Le Conseil du Marché Financier (CMF) vient de dévoiler sa stratégie pour l’année 2026 visant à renforcer le dispositif national de prévention et de lutte contre le blanchiment d’argent, le financement du terrorisme et la prolifération des armes.
Cette feuille de route s’inscrit dans le cadre de l’exercice de ses missions légales visant à préserver l’intégrité et la transparence du marché financier tunisien et à soutenir les efforts nationaux, en conformité avec les standards internationaux et les recommandations du Groupe d’action financière.
La stratégie adoptée repose d’abord sur l’ancrage d’une supervision fondée sur l’évaluation des risques comme principe structurant de l’action du régulateur. Cette approche vise à concentrer les interventions de contrôle sur les segments d’activité et les acteurs les plus exposés, à travers le développement d’outils d’analyse sectorielle et de mécanismes d’alerte précoce, dans une logique de réduction des vulnérabilités et de maîtrise des risques systémiques.
Le deuxième volet concerne l’amélioration de la qualité du dispositif de prévention au sein des intervenants du marché. Le CMF entend accompagner le passage d’une conformité essentiellement déclarative vers une gouvernance orientée par les risques, en assurant le suivi effectif des plans d’action issus des missions de contrôle, en consolidant le rôle des fonctions de conformité et de contrôle interne et en multipliant les actions de sensibilisation.
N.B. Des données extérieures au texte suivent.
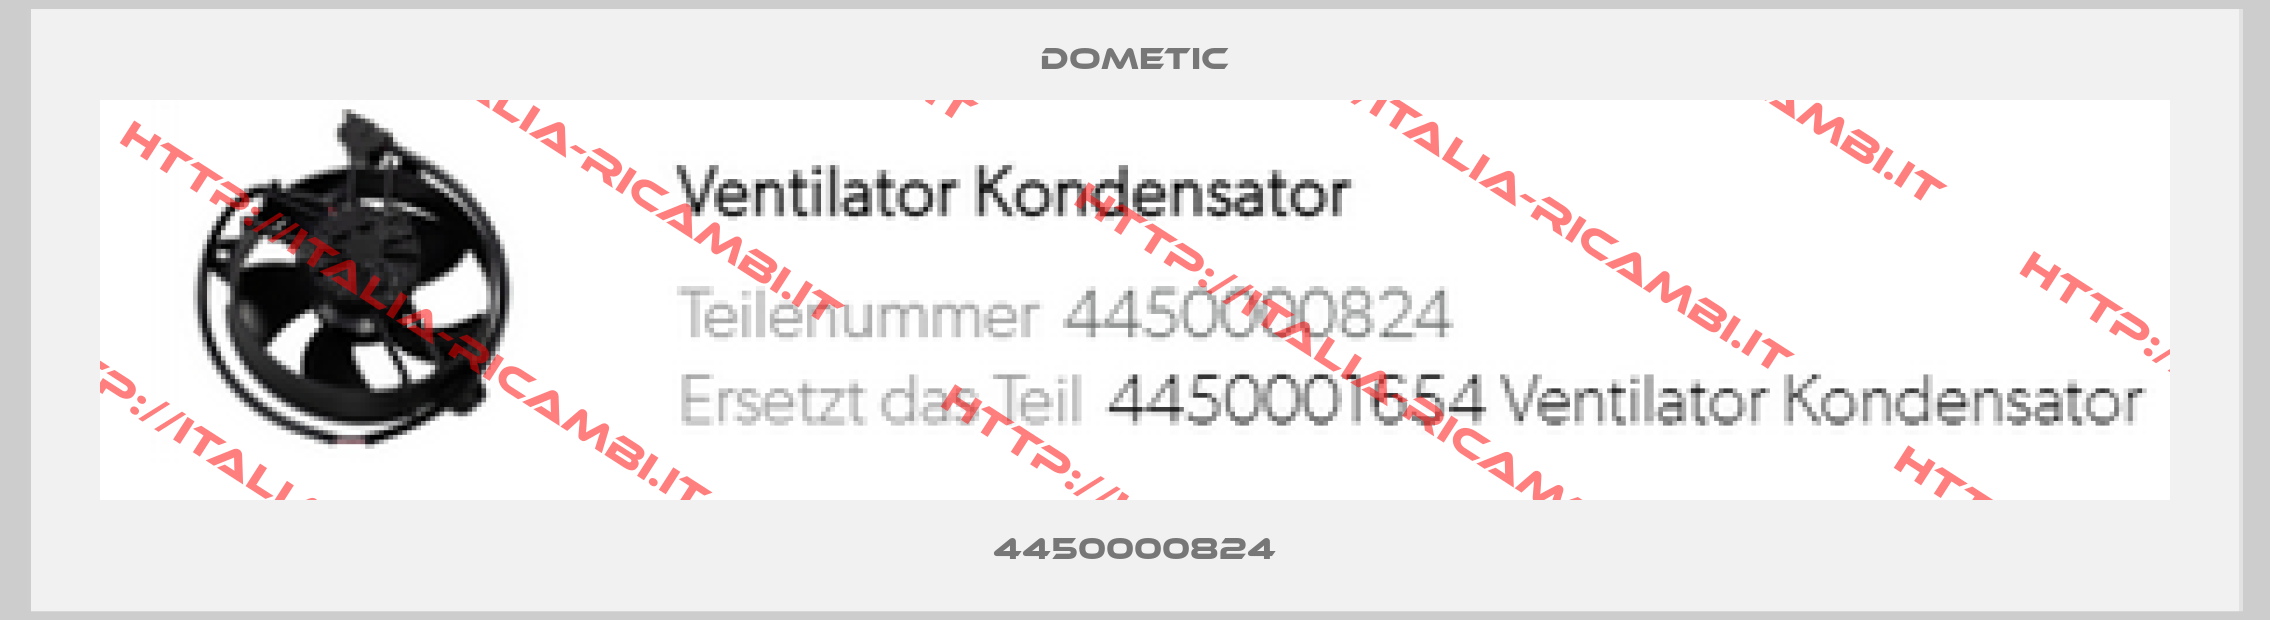 Dometic-4450000824
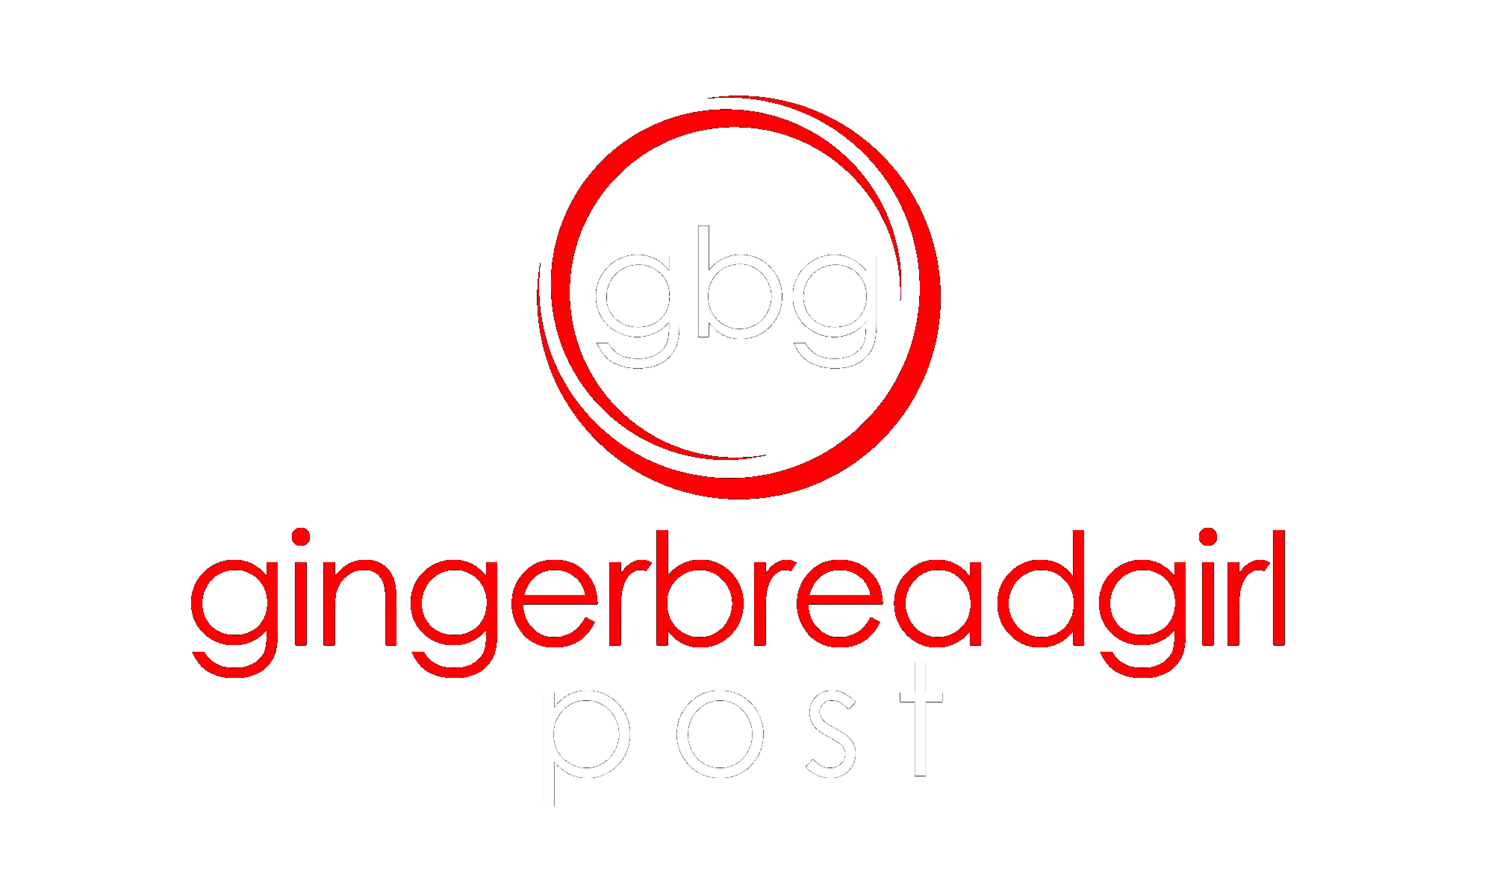 Gingerbreadgirl Post

Cette démarche inclut également la diffusion régulière d’alertes sur les risques émergents et la promotion de solutions numériques dédiées à la connaissance du client et à la surveillance des opérations.
Le régulateur prévoit le déploiement de programmes de formation ciblés au bénéfice de ses propres cadres et des professionnels du marché, ainsi que la préparation et la publication de guides sectoriels. L’objectif est d’harmoniser l’interprétation et la mise en œuvre des exigences réglementaires et d’installer durablement une culture de conformité au sein de l’écosystème financier.
L’amélioration du reporting vise à accroître la fiabilité et la pertinence des déclarations d’opérations suspectes, à garantir le respect des délais légaux et à renforcer la contribution des entités assujetties aux signalements transmis à la Commission Tunisienne des Analyses Financières. Elle prévoit également le développement des capacités d’analyse financière, une coordination renforcée avec les autorités judiciaires, sécuritaires et de contrôle, ainsi que l’investissement dans des outils numériques et des dispositifs d’alerte anticipée.
Le CMF accorde par ailleurs une attention particulière à l’effectivité des sanctions financières ciblées. Cette orientation passe par l’évaluation de l’efficacité des systèmes de filtrage au regard des listes nationales et internationales, la mise en œuvre immédiate des mesures de gel sans notification préalable, l’intégration de ces exigences dans les programmes de contrôle et de formation et l’actualisation des matrices de risques sur la base des résultats de l’évaluation nationale des risques prévue pour 2025, dans une optique de consolidation de la crédibilité du dispositif tunisien.